Animals and clinical examination

Arabian horses (N=110) were 22 stallion and 88 mares, to the correct age 2–25 years, and were sampled in the period between October 2022 and October 2023 from the northern province of Syria (Edlib and Aleppo provinces) (Fig. 1). A questionnaire to collect data was filled for each horse from the owner, containing the animal's basic data and results of clinical examination.
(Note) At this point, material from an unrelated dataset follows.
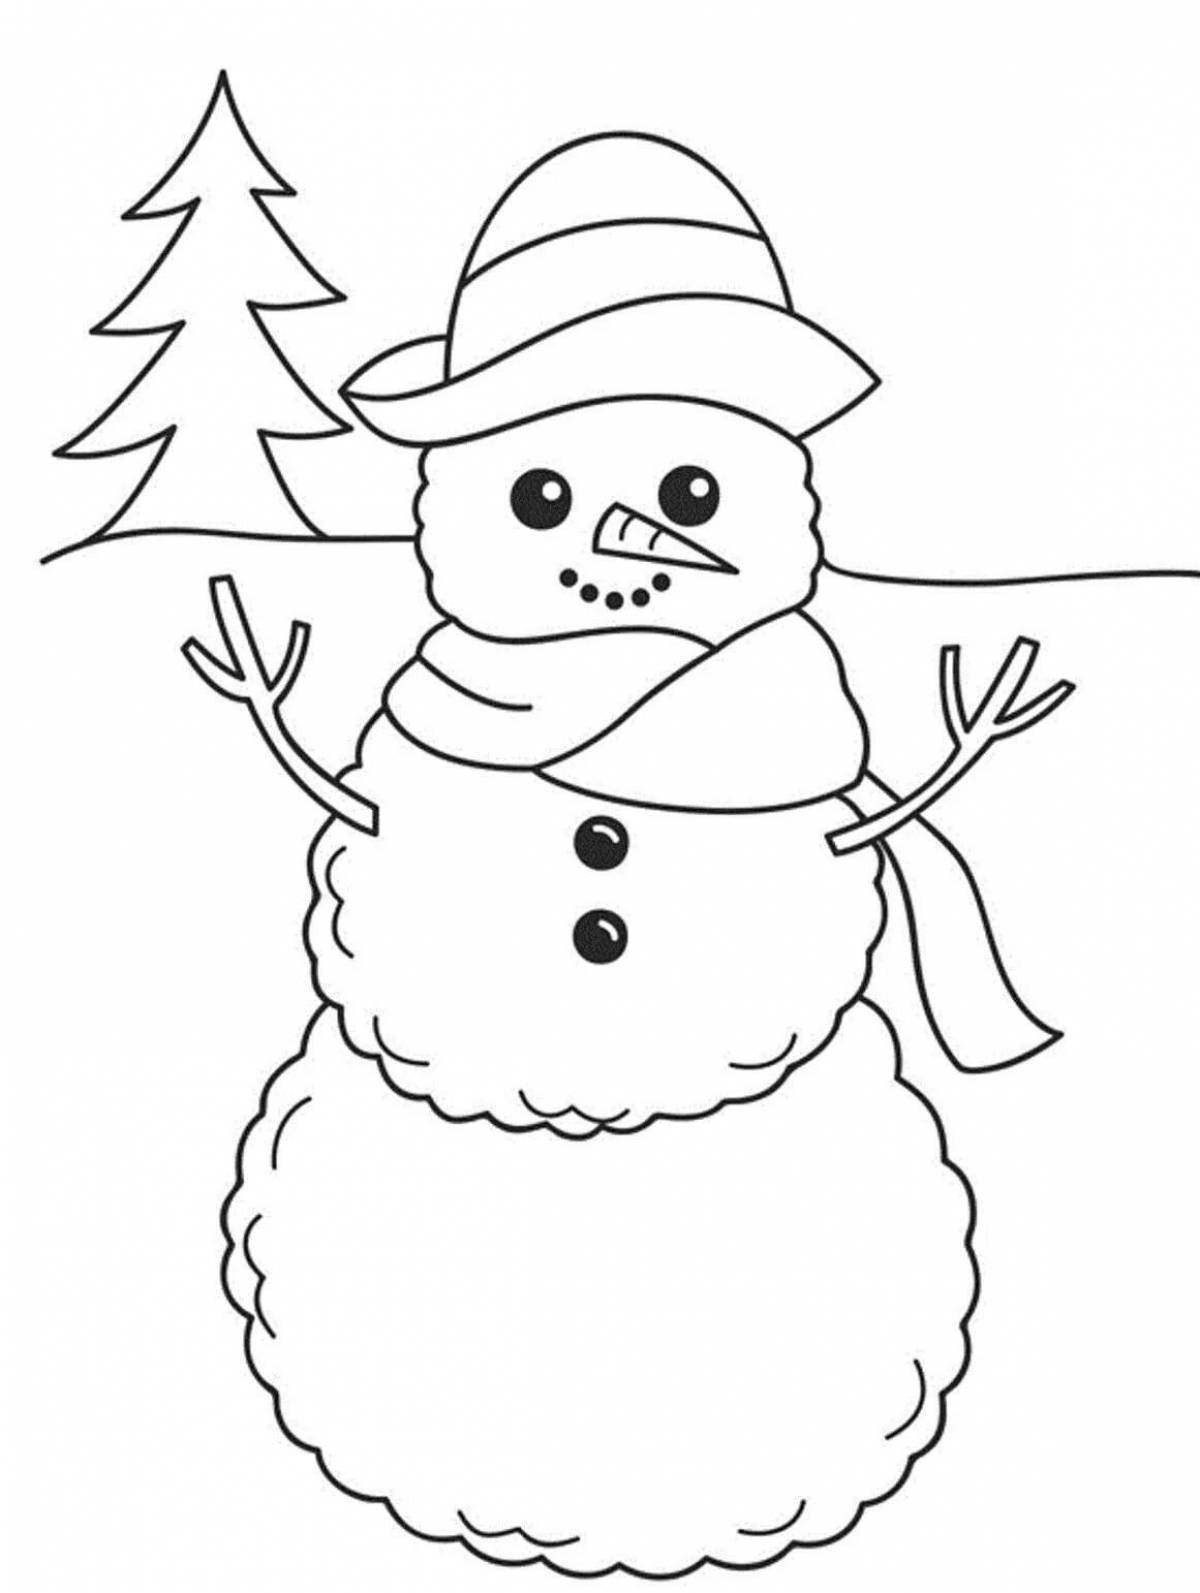 Smiling snowman coloring page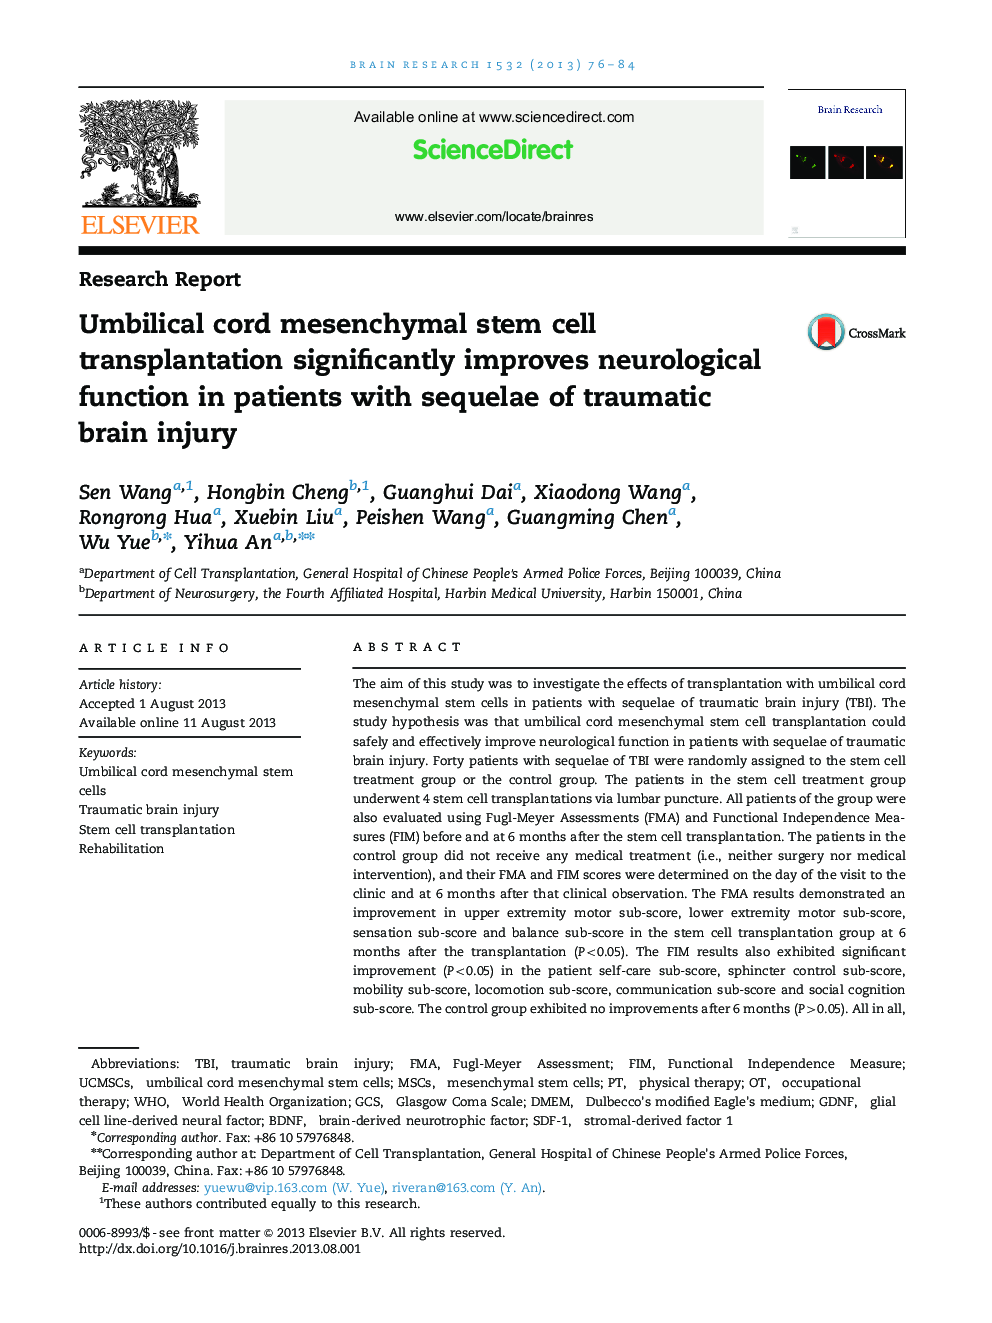 Research ReportUmbilical cord mesenchymal stem cell transplantation significantly improves neurological function in patients with sequelae of traumatic brain injury

Each horse was examined clinically for the presence of fever, oedema of the ventral abdomen, icterus, mucous membrane color, and hemoglobinuria (Abutarbush et al., 2012). Any other abnormal signs were recorded. After the clinical examination was completed and data were recorded for each horse, a blood sample was taken from each animal for hematological and immunological analysis.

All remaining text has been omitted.